Okay, some further, not so quick n dirty, benchmarks showed
~240 nps for Nvidia GTX 750 and
~120 nps for AMD Fury X
I assume on modern gpus about 200 nps per worker.
While NN cache could be able to double these values, this is imo a bit too slow for the intended search algorithm, considering about 36x10 qsearch positions on average per expanded node, one worker would need about a second to get a node score.
Back to pen n paper.
wip...will take some time...
* GPGPU device based
- host handles only the IO, search and ANN inference on gpu
- gpu computation will be limited by node count to about 1 second per
repeated iteration, to avoid any system timeouts
* parallel BestFirstMiniMax-Search on gpu
- game tree in gpu memory
- best node selected via score + UCT formula (visit count based)

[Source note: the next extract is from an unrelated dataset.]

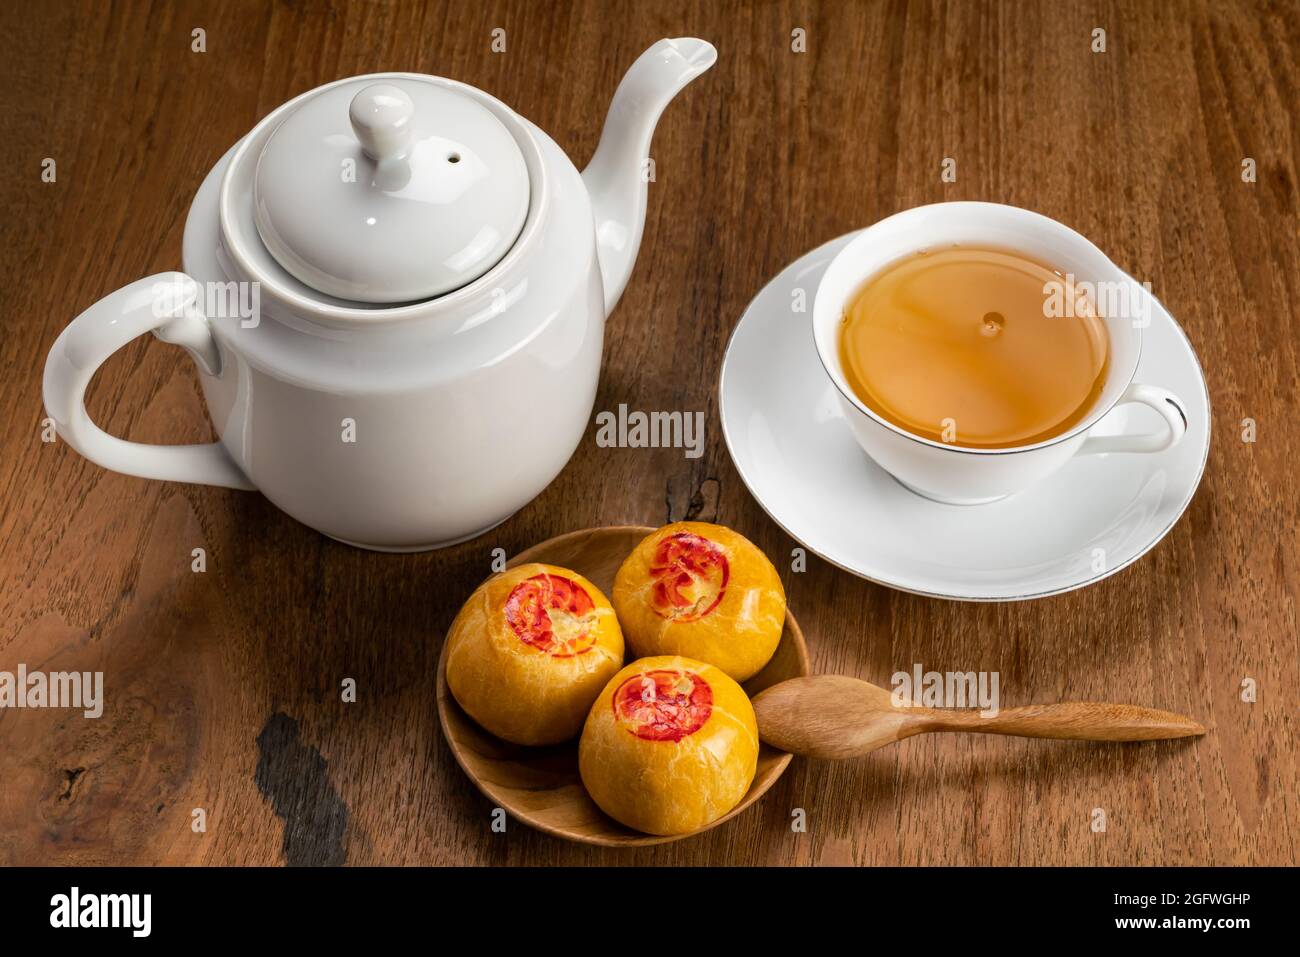 Blick aus dem hohen Winkel auf süßes chinesisches Gebäck oder Mondkuchen, gefüllt mit süßer Mungbohnenpaste und einer weißen Tasse heißen Tees aus Keramik auf einem Holzbrett. Stockfoto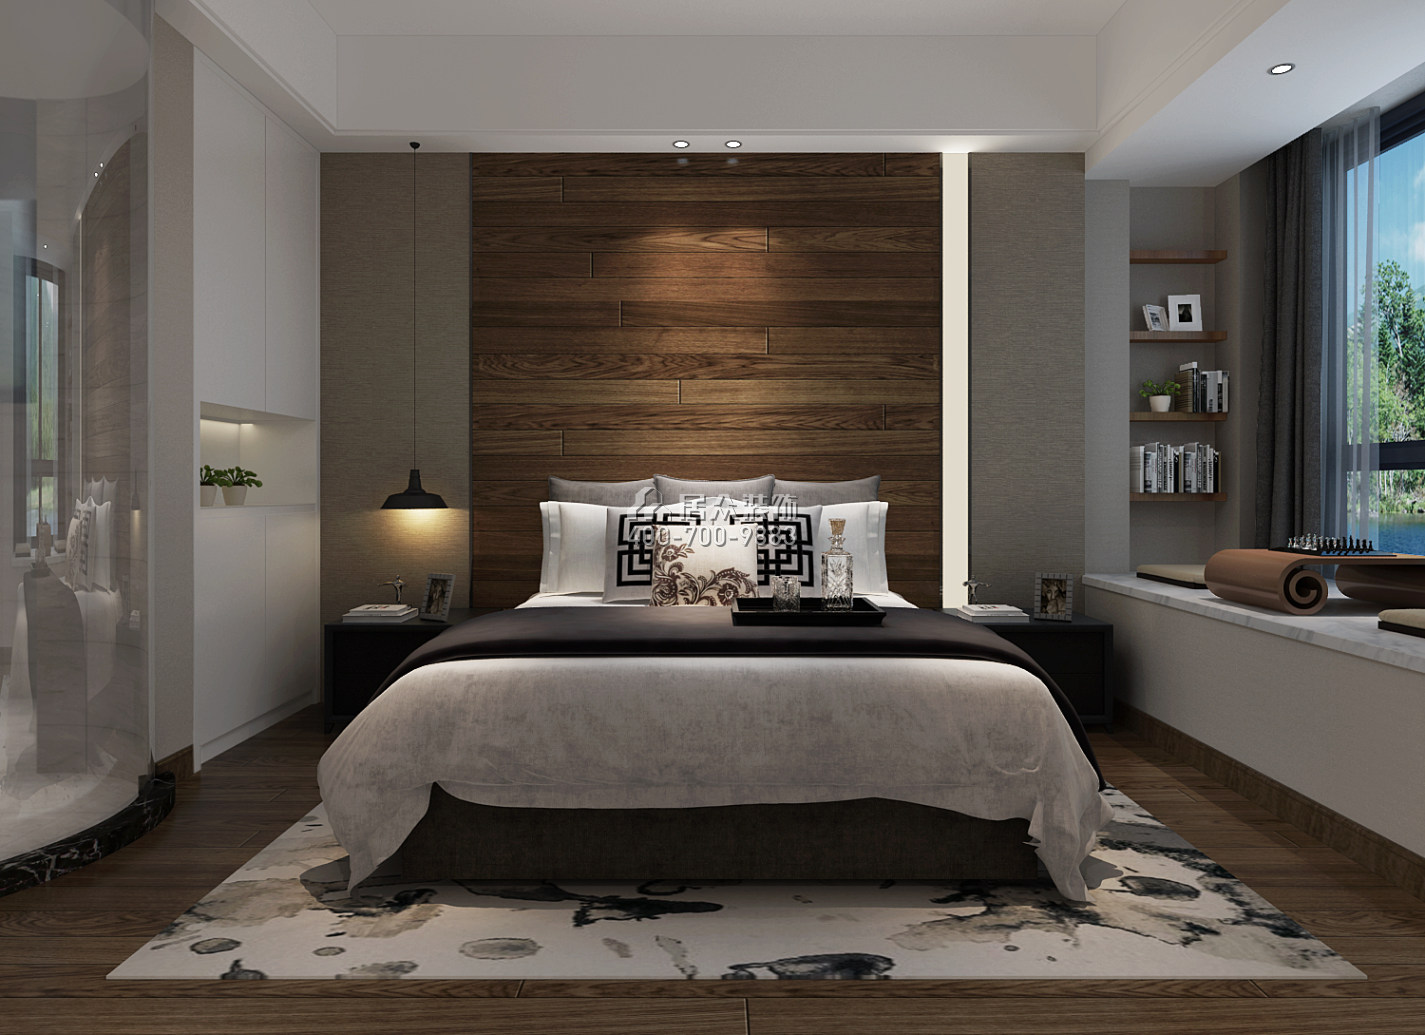 天利天鹅湾132平方米现代简约风格平层户型卧室装修效果图

- AlphaBeta Q-Search performed at leafnodes to get a node score
* multiple small MLP neural networks
- about 4 million weights per network
- 30 networks in total, split by piece count
* trained via TD-leaf by pgn games
- 6/7 men EGTB could be used for training?
* 64 gpu threads are coupled to one worker
- used during move gen, move pick and ANN eval in parallel
- gpu core count depended from 64 workers to 2048 workers in total
Some quick and dirty benchmarks showed that with this design ~1 Knps per worker is possible.